Sua reclusão gerou anedotas. Por exemplo, há a história clássica de um repórter de TV que, cobrindo a queda do Muro de Berlim, em 1989, resolve entrevistar um brasileiro que por ali passava. Aos ser questionado sobre seu nome, o tal brasileiro responde: "José Rubem". O jornalista conversa com o escritor sem se dar conta de sua real identidade.
O lançamento de "Feliz Ano Novo", em 1975, e proibição posterior geraram uma das polêmicas mais rumorosas envolvendo um escritor no regime militar. O livro trazia cinco contos com o estilo que consagrou Fonseca, com os personagens urbanos e do submundo dos quais ele gostava de tratar, como um milionário que atropela pessoas de noite.
A obra já tinha saído há um ano e sido um best-seller quando a ditadura o proibiu, acusando o autor de atentar contra a moral e os bons costumes. Fonseca processou a União, mas o livro só voltaria às prateleiras em 1989, após a reabertura.
Sobre a ditadura, há um período da biografia de Fonseca que nunca ficou totalmente esclarecido, sua passagem pelo Ipes (Instituto de Pesquisa Econômica e Social), órgão que ofereceu apoio ao golpe de 1964 ao regime que se seguiu a ele. Criado por empresários na oposição a João Goulart, o instituto produzia, por exemplo, propaganda anticomunista.
Rubem Fonseca chegou a ser diretor do Ipes. Em artigo publicado na Folha nos anos 1990, o autor disse que a organização se dividia entre duas alas —uma que defendia uma solução política com o uso da força e outra que era democrática. Ele, que dizia ser parte da segunda ala, também costumava afirmar que cortou qualquer relação com o Ipes em 1964.

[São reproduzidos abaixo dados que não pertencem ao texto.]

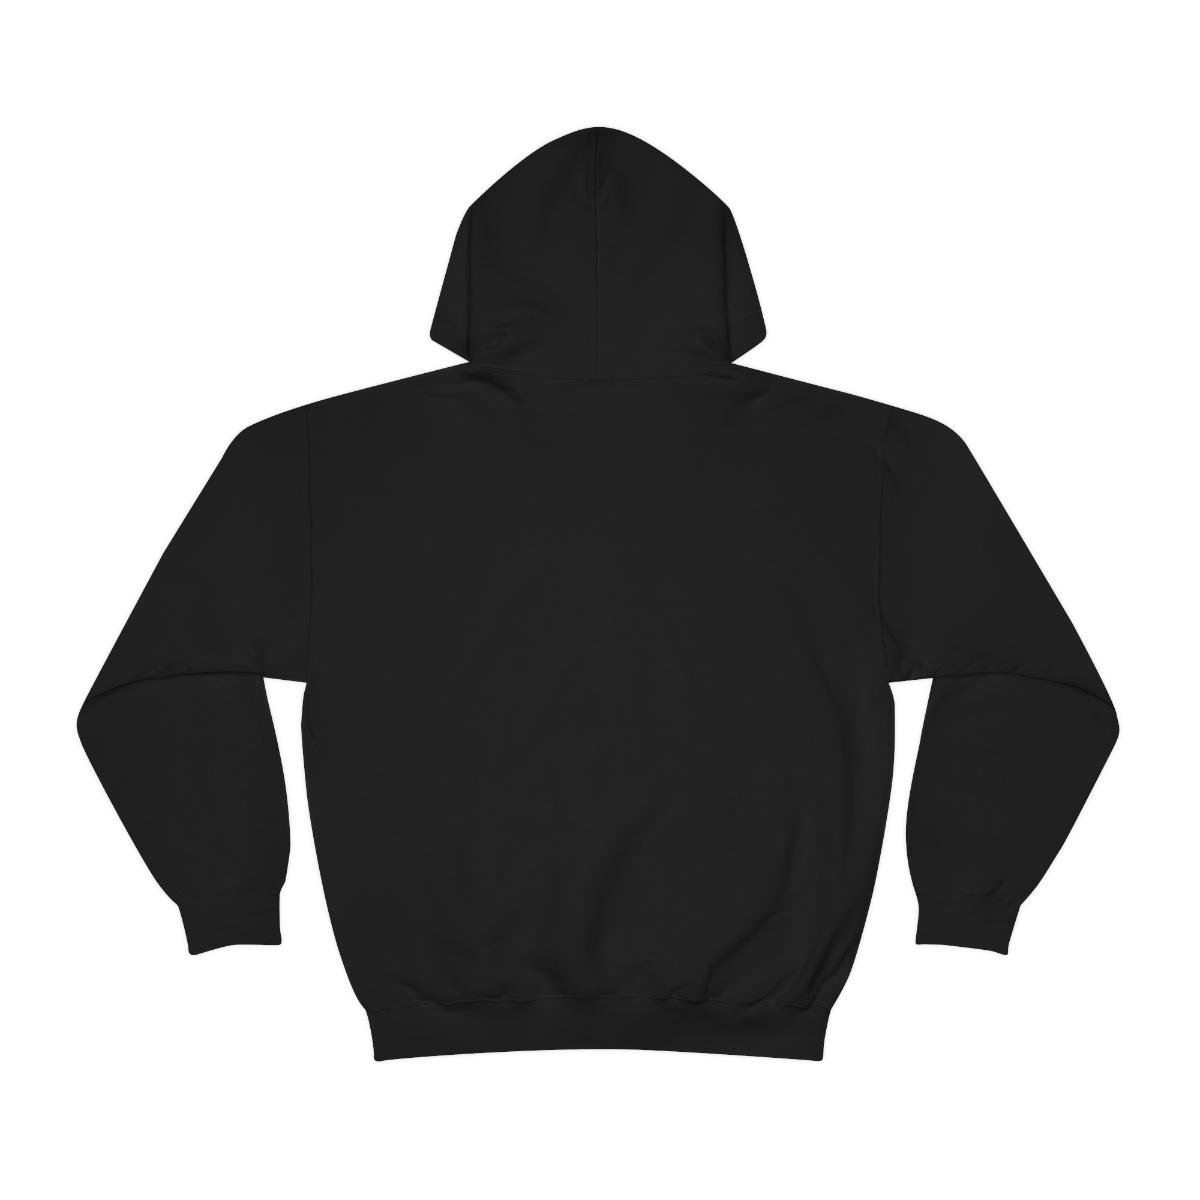 Minier – ReTooled Pullover Hooded Sweatshirt
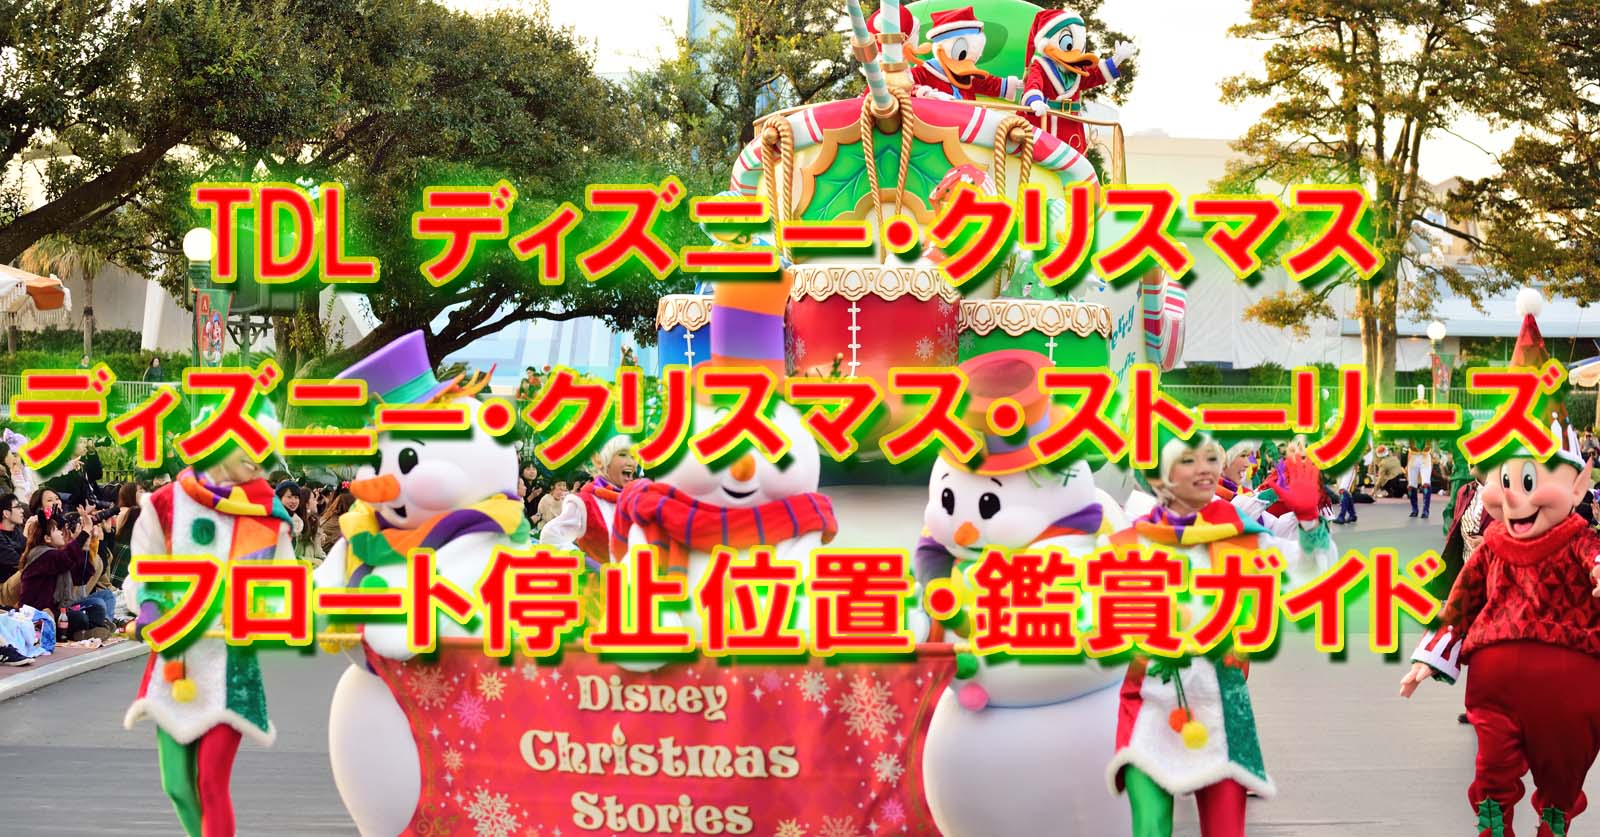 Tdl ディズニー クリスマス ストーリーズ19 フロート停止位置 鑑賞ガイド Disney Colors
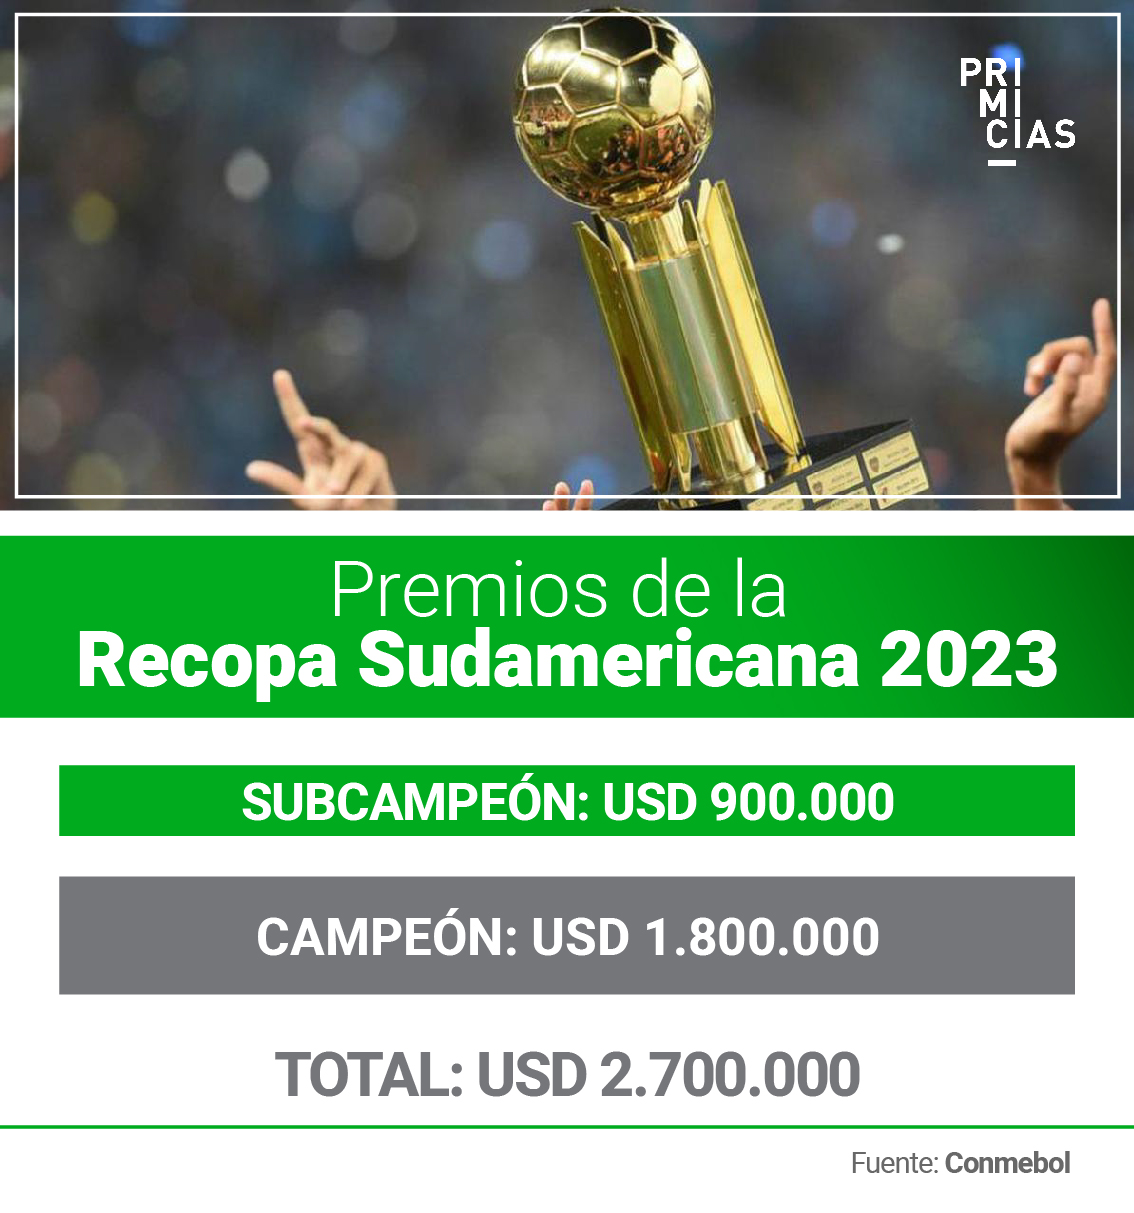 Premios Recopa Sudamericana 2023

Em 2009, contudo, a professora Aline Pereira, da Universidade Federal Fluminense, levantou documentos do Ipes preservados no Arquivo Nacional que mostravam a ligação do autor com o instituto mesmo após o golpe. Em 1965, uma carta lamentava sua exoneração da diretoria. Outros papéis mostravam sua relação com o Ipes pelo menos até 1970, inclusive com contribuições financeiras.
Advogado de formação, ele foi policial nos anos 1950, experiência que alimentou sua literatura. Em 1995, a Folha fez uma pesquisa de dois meses nos arquivos da polícia do Rio de Janeiro além de ter colhido depoimentos de seis policiais que trabalharam com ele. O caso de uma vaca vítima de um atropelamento que é devorada por pessoas famintas, narrado em "Relato de Ocorrência", conto de "Lúcia McCartney", por exemplo, é inspirado numa história real —o caso aconteceu em 1953, quando Fonseca trabalhava no 24º Distrito Policial, em Madureira, zona norte do Rio.
Em 5 de agosto de 1954, já perto da meia-noite, o ainda policial tomava um copo de leite perto da rua Toneleros, em Copacabana. Foi por pouco que não viu o tiro que Carlos Lacerda sofreu naquela rua, atentado que foi o início da crise política que terminaria com o suicídio de Getulio Vargas. Fonseca e seus colegas policiais chegaram a ir para o local descobrir o que tinha acontecido, mas foram dormir na sequência. A morte de Vargas é o pano de fundo do romance histórico "Agosto".